Saving and Loading Model Checkpoint - Epoch & Validation

I have a large dataset to train and short of cloud RAM and disk space (memory). I think one of the approaches to training all the dataset is by creating a checkpoint to save the best model parameter based on validation and likely the last epoch. I will be glad for guidance on implementing this i.e ensuring training continues from the last epoch with the best-saved model parameter from the previous trainig session

Hi @moreshud

You could do something like:

if accuracy_val > max_accuracy_val:

            checkpoint = {
                'epoch': epoch,
                'model_state': model.state_dict(),
                'optimizer_state': optimizer.state_dict(),
            }
            torch.save(checkpoint, 'path/to/folder/filename.pth')

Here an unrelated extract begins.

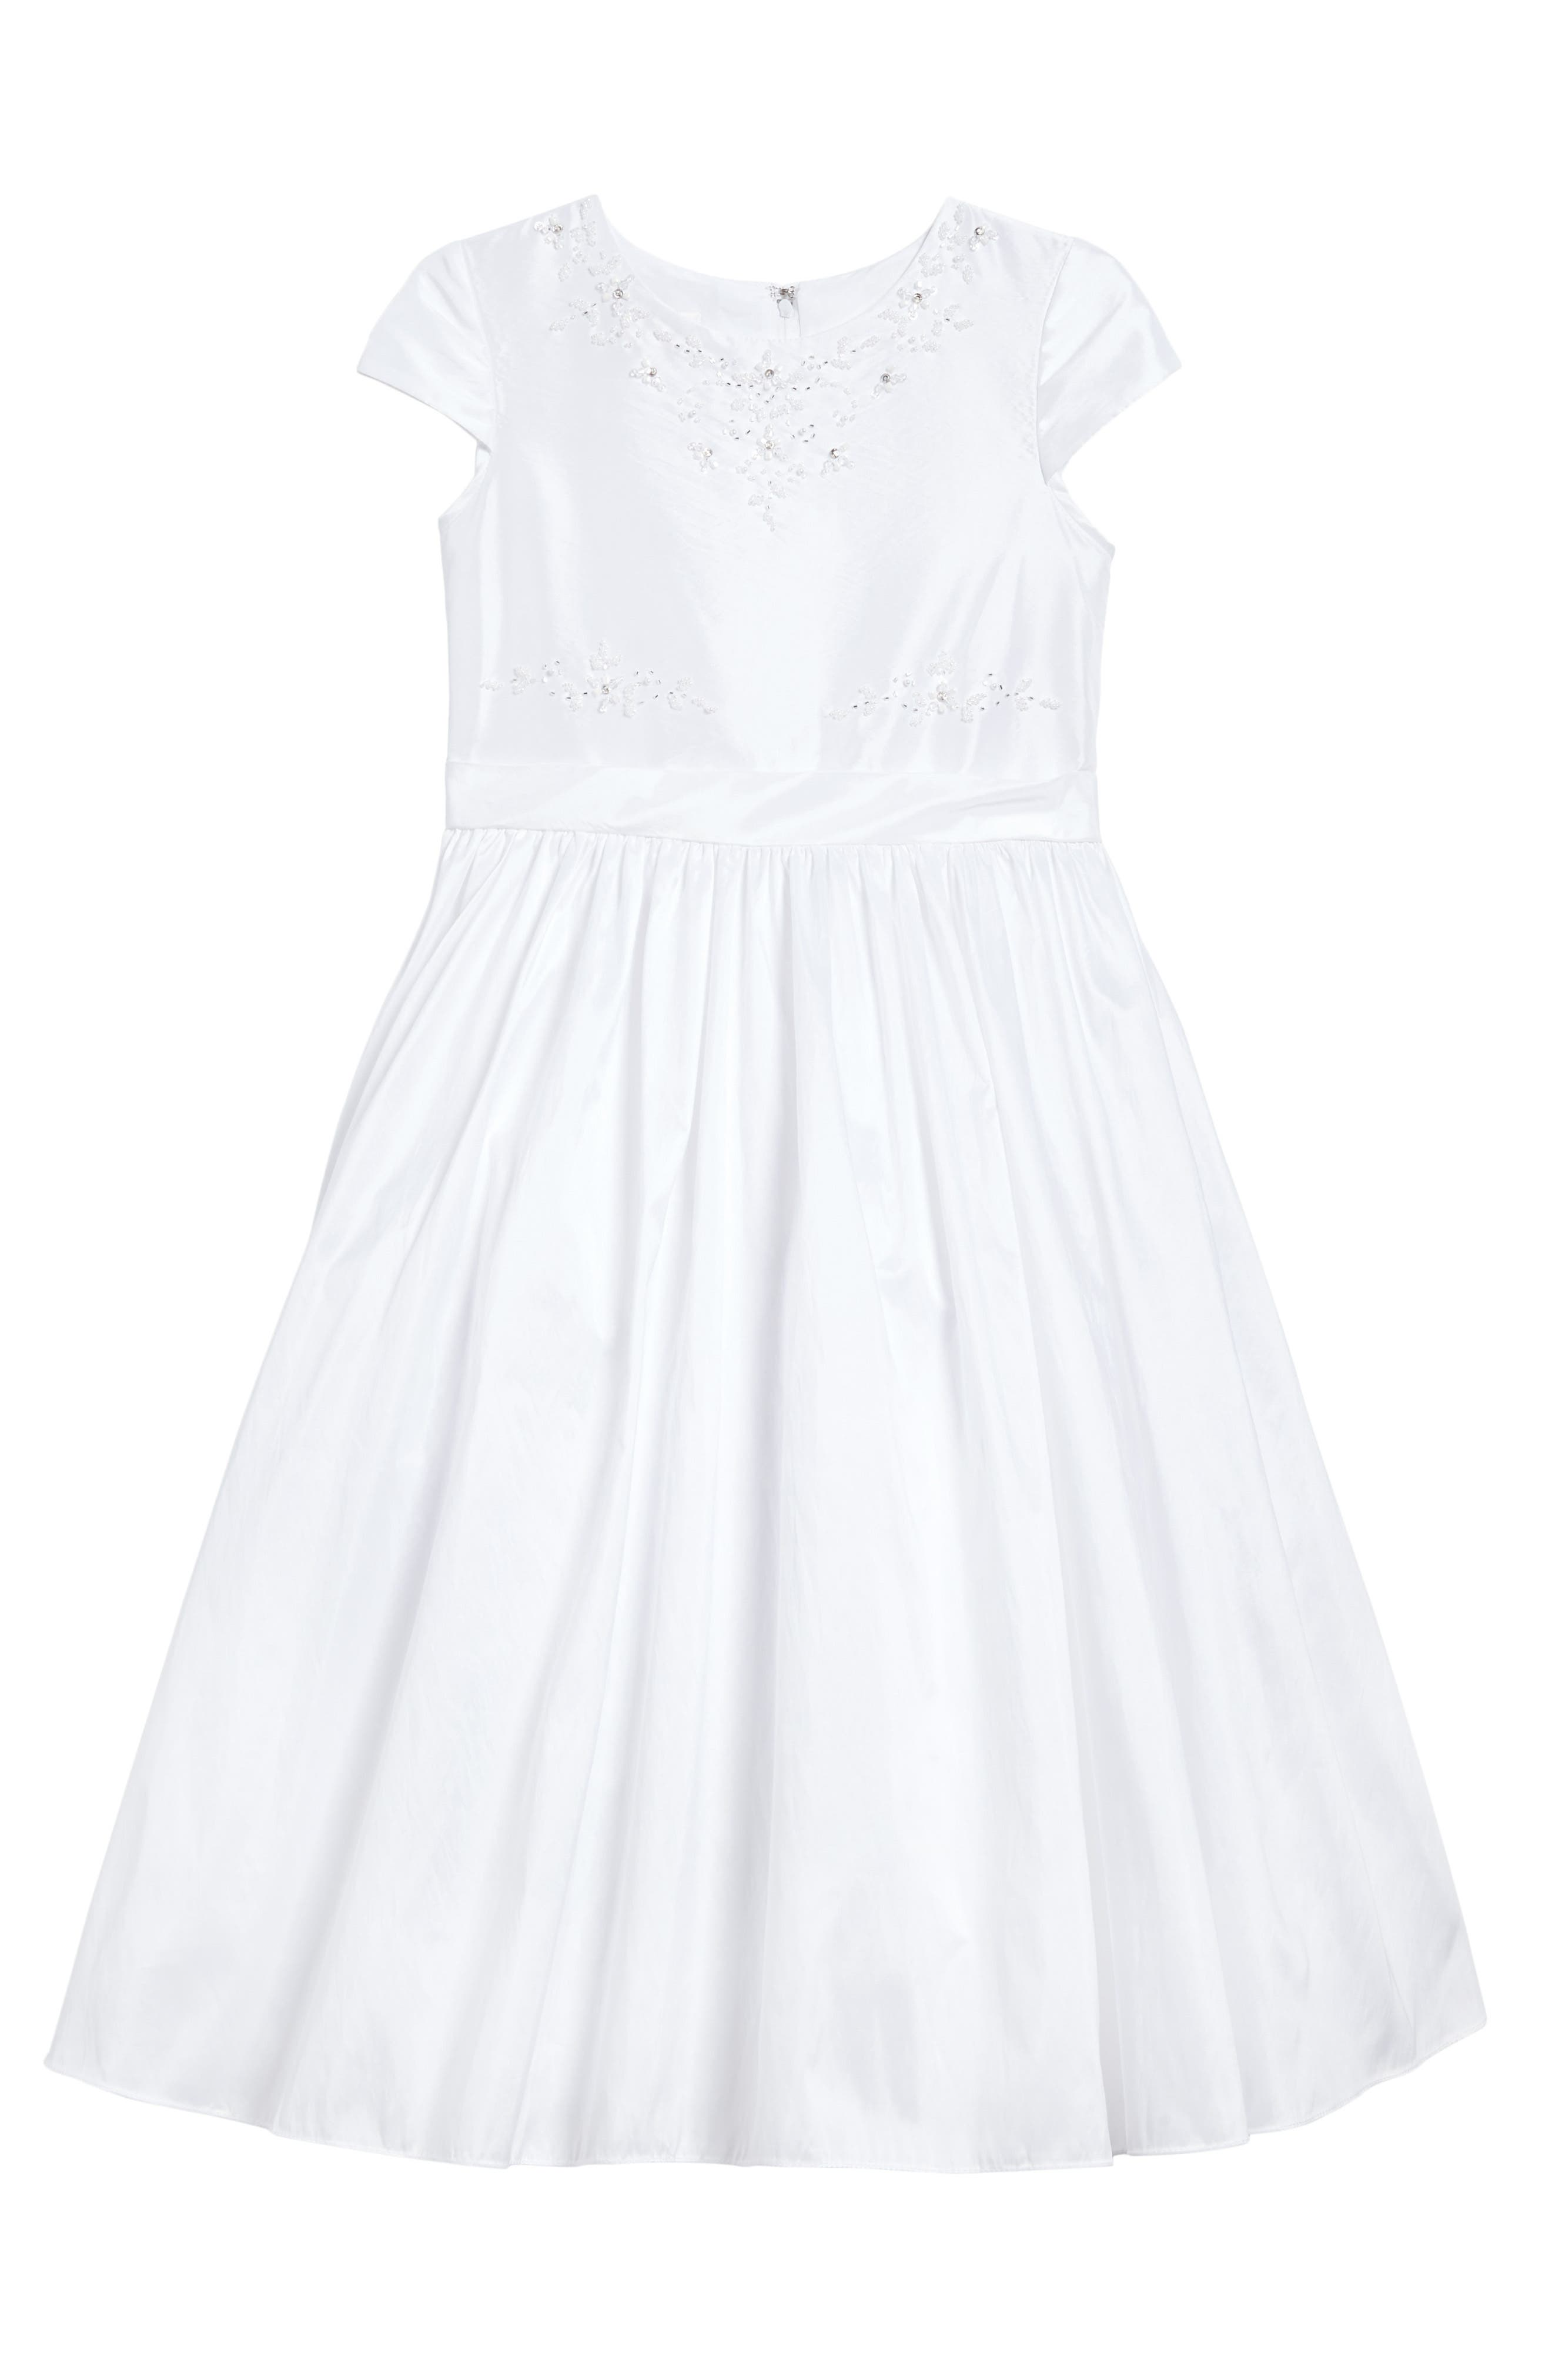 Beaded Taffeta First Communion Dress,                             Main thumbnail 1, color,                             100

            max_accuracy_val = accuracy_val

That way you save the state of the model whenever you have reached a new maximum accuracy on the validation set.

When you want to continue training you can do:

loaded_checkpoint = torch.load('path/to/folder/filename.pth')
loaded_epoch = loaded_checkpoint['epoch']
loaded_model = model() # instantiate your model
loaded_model.load_state_dict(loaded_checkpoint['model_state'])
loaded_optimizer = torch.optim.SGD(loaded_model.parameters(), lr=0, momentum=0) # or whatever optimizer you use
loaded_optimizer.load_state_dict(loaded_checkpoint['optimizer_state'])

You can then continue training with the loaded model and loaded optimizer.

DISCLAIMER: I am relatively new to PyTorch myself. This approach works for me but I cannot guarantee that there are no better options :wink:

Anyways, I hope it helps!

All the best
snowe

1 Like

Thanks for the contribution.

1 Like